(Supplied material)

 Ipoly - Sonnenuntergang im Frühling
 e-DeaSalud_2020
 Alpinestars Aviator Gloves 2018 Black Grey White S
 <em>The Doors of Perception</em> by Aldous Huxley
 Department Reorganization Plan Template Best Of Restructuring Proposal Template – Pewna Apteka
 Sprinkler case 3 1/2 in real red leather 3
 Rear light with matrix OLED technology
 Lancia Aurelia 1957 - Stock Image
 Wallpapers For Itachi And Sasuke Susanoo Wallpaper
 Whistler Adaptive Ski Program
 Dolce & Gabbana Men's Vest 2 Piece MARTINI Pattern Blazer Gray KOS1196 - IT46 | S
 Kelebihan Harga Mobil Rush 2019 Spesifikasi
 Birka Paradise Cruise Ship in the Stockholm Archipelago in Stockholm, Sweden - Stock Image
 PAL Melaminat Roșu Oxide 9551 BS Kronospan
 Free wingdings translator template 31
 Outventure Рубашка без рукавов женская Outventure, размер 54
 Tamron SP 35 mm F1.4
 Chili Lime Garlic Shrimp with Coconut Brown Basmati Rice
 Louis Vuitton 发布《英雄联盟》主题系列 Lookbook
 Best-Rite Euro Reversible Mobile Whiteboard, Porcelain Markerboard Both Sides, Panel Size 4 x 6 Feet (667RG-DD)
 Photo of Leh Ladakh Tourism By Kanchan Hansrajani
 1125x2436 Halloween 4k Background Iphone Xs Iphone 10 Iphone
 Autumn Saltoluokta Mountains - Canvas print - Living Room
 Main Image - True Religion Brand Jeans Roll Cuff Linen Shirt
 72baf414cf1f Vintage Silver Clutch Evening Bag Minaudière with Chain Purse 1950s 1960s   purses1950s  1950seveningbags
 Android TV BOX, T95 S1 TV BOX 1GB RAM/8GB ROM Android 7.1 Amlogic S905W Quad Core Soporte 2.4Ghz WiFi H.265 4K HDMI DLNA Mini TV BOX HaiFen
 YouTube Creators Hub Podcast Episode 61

(End Supplied material)

• What the task asks: Find "Photo of Leh" in the records. Copy its line and every line after it, exactly, through the last one.

• Response to the task:
 Photo of Leh Ladakh Tourism By Kanchan Hansrajani
 1125x2436 Halloween 4k Background Iphone Xs Iphone 10 Iphone
 Autumn Saltoluokta Mountains - Canvas print - Living Room
 Main Image - True Religion Brand Jeans Roll Cuff Linen Shirt
 72baf414cf1f Vintage Silver Clutch Evening Bag Minaudière with Chain Purse 1950s 1960s   purses1950s  1950seveningbags
 Android TV BOX, T95 S1 TV BOX 1GB RAM/8GB ROM Android 7.1 Amlogic S905W Quad Core Soporte 2.4Ghz WiFi H.265 4K HDMI DLNA Mini TV BOX HaiFen
 YouTube Creators Hub Podcast Episode 61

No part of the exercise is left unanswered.